Читаем Девочка из Морбакки: Записки ребенка. Дневник Сельмы Оттилии Ловисы Лагерлёф полностью

— Да, но видите ли, дядюшка, это бы еще ладно. Худшее было впереди. Гуннарскугский народ нисколько не сомневался, что дядя Альфред станет соискателем, и потому ничего в этой связи не предпринимал. Однако когда они узнали, что он не подал прошения, сразу посыпались письма с запросами и сожалениями. А на прошлой неделе из Гуннарскуга явилась целая депутация. Сплошь самые именитые крестьяне, солидные, замечательные мужчины, дядя всех поголовно знал и прекрасно понимал, чего ради они приехали. Ну, они ему и сказали, что приход хочет призвать его как четвертого проповедника-соискателя. Ручались, что он получит все до единого голоса, пусть только примет приглашение. Я слышала, как они просили-уговаривали. Уверяю вас, дядюшка, трогательно было слушать. На колени перед ним они, понятно, не становились, но просили искренне и настойчиво. Очень, мол, надобен им дельный священник. Тот, что числился у них последнее время, хворал и не вставал с постели так долго, что паства вроде как сбилась с пути. Вам, дядюшка, разумеется, понятно, как все это его проняло. Уже один вид знакомых лиц напомнил былое, любимое, а вдобавок он услыхал, что им надобен священник, который поможет им воротиться на путь истины! Ума не приложу, как он мог сказать «нет».

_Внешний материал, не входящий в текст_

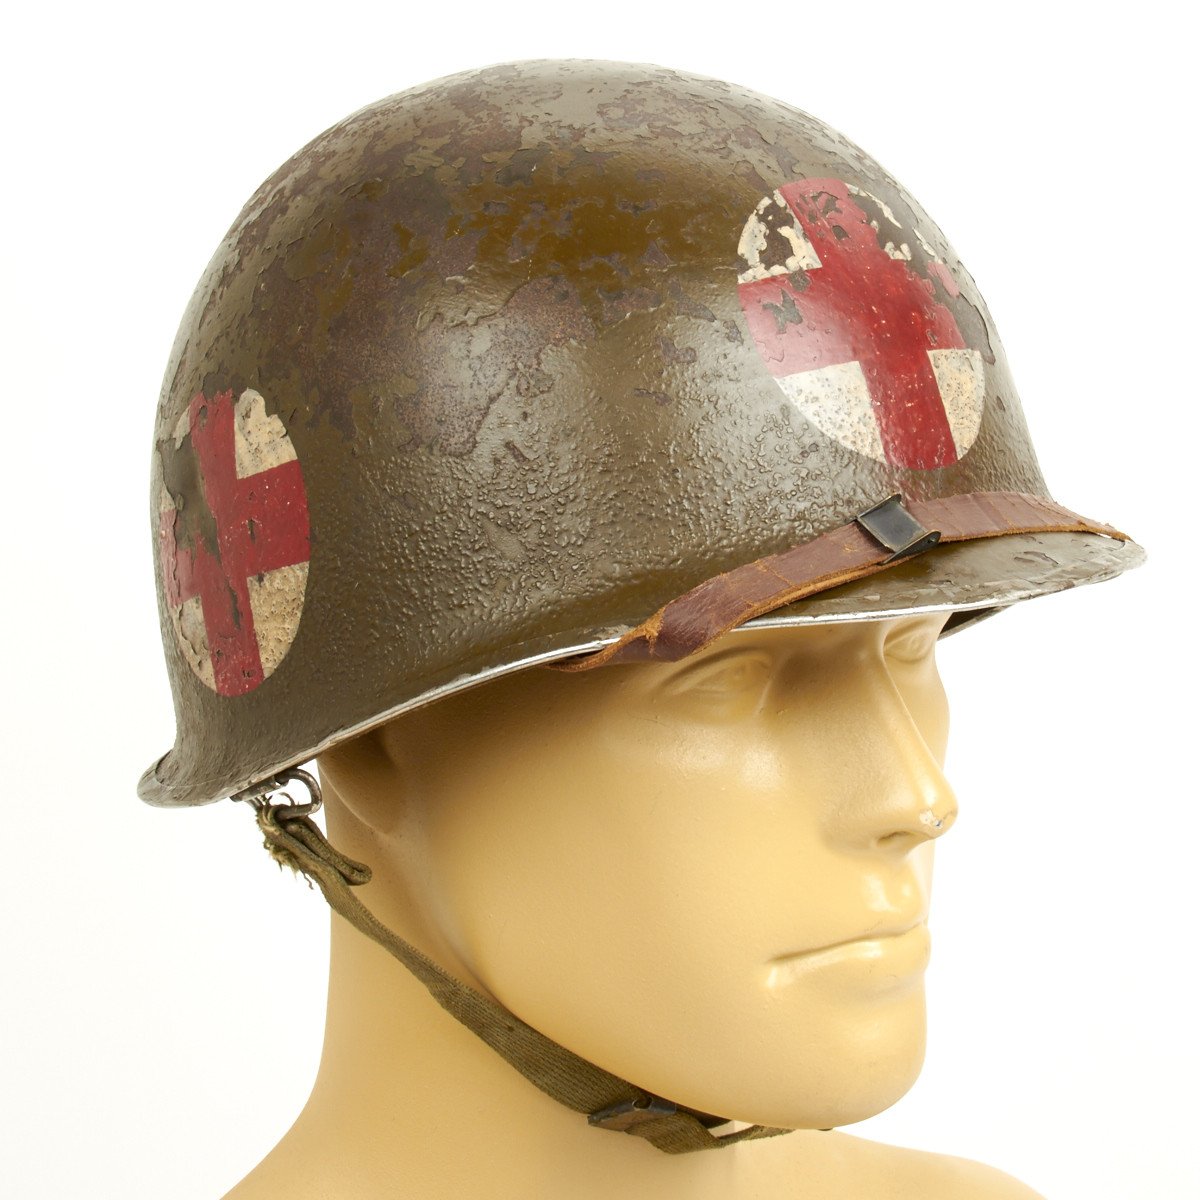 Ww2 M1 Medic Helmet Helmet - retro space helmet roblox

— И все только ради того викария? — вставляет Элин.

— Да, он ведь подал прошение, стоял в списке, и дядя Альфред подумал, что если не примет приглашение, то, вероятно, выберут викария. Гуннарскугские крестьяне пытались убедить дядю, что не желают викария, но дядя выразил надежду, что они переменят свое мнение. Нет, ответили они, этому не бывать. И без того долго имели хворого пастыря. Викарий тоже старый и хворый. Коли дядя сказал «нет» из-за него, то совершенно напрасно.

— Но он стоял на своем? — спрашивает папенька, и теперь я замечаю, как морщинки под его глазами легонько дергаются, так обычно бывает, когда он с трудом сдерживает слезы.

— Да, дядюшка. Только вот ночью после разговора с гуннарскугскими крестьянами он глаз не сомкнул. Я слышала, как он ходил по кабинету, туда-сюда, туда-сюда.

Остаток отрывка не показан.